WHAT THE TASK ASKS:
Take from the records below each line that holds "Express".

Collected data entries
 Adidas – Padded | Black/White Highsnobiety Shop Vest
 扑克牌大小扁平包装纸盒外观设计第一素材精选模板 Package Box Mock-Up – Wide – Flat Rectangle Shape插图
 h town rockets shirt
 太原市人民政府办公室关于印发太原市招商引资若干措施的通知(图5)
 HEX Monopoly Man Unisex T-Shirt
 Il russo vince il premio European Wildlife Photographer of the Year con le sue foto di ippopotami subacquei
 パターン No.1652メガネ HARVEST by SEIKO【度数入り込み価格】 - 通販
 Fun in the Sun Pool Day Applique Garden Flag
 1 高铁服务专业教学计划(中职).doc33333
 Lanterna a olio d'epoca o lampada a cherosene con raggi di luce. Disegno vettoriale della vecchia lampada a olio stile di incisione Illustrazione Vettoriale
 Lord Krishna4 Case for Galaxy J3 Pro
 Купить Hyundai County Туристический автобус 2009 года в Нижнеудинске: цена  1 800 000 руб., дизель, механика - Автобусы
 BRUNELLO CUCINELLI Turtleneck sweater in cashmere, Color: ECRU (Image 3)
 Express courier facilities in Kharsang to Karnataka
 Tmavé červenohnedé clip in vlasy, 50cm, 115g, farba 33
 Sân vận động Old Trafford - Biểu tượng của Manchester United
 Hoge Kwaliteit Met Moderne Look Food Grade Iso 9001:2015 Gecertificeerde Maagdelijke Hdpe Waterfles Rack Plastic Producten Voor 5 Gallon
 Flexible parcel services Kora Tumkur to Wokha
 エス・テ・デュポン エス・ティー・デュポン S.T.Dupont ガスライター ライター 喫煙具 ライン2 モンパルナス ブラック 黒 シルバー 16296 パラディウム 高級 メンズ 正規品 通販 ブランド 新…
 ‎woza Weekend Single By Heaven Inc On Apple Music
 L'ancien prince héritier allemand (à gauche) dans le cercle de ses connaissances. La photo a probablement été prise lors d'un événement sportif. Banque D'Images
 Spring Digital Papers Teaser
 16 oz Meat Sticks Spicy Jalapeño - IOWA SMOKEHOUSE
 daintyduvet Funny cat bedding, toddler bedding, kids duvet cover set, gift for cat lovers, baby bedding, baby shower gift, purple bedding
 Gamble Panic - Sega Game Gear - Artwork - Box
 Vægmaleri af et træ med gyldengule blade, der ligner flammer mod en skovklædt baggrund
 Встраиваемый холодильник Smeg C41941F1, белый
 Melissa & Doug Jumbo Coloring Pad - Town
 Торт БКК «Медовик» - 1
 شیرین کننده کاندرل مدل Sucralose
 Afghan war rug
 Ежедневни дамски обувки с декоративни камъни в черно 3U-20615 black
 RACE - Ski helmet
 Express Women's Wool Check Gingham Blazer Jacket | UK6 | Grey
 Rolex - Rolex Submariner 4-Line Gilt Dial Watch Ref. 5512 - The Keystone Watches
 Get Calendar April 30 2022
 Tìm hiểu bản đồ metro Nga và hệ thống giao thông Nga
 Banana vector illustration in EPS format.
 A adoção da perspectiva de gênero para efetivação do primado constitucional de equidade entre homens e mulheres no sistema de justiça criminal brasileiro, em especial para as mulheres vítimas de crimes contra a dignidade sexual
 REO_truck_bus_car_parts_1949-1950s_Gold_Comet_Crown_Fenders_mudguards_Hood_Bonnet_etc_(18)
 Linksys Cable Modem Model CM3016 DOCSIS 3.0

EXERCISE RESPONSE:
 Express courier facilities in Kharsang to Karnataka
 Express Women's Wool Check Gingham Blazer Jacket | UK6 | Grey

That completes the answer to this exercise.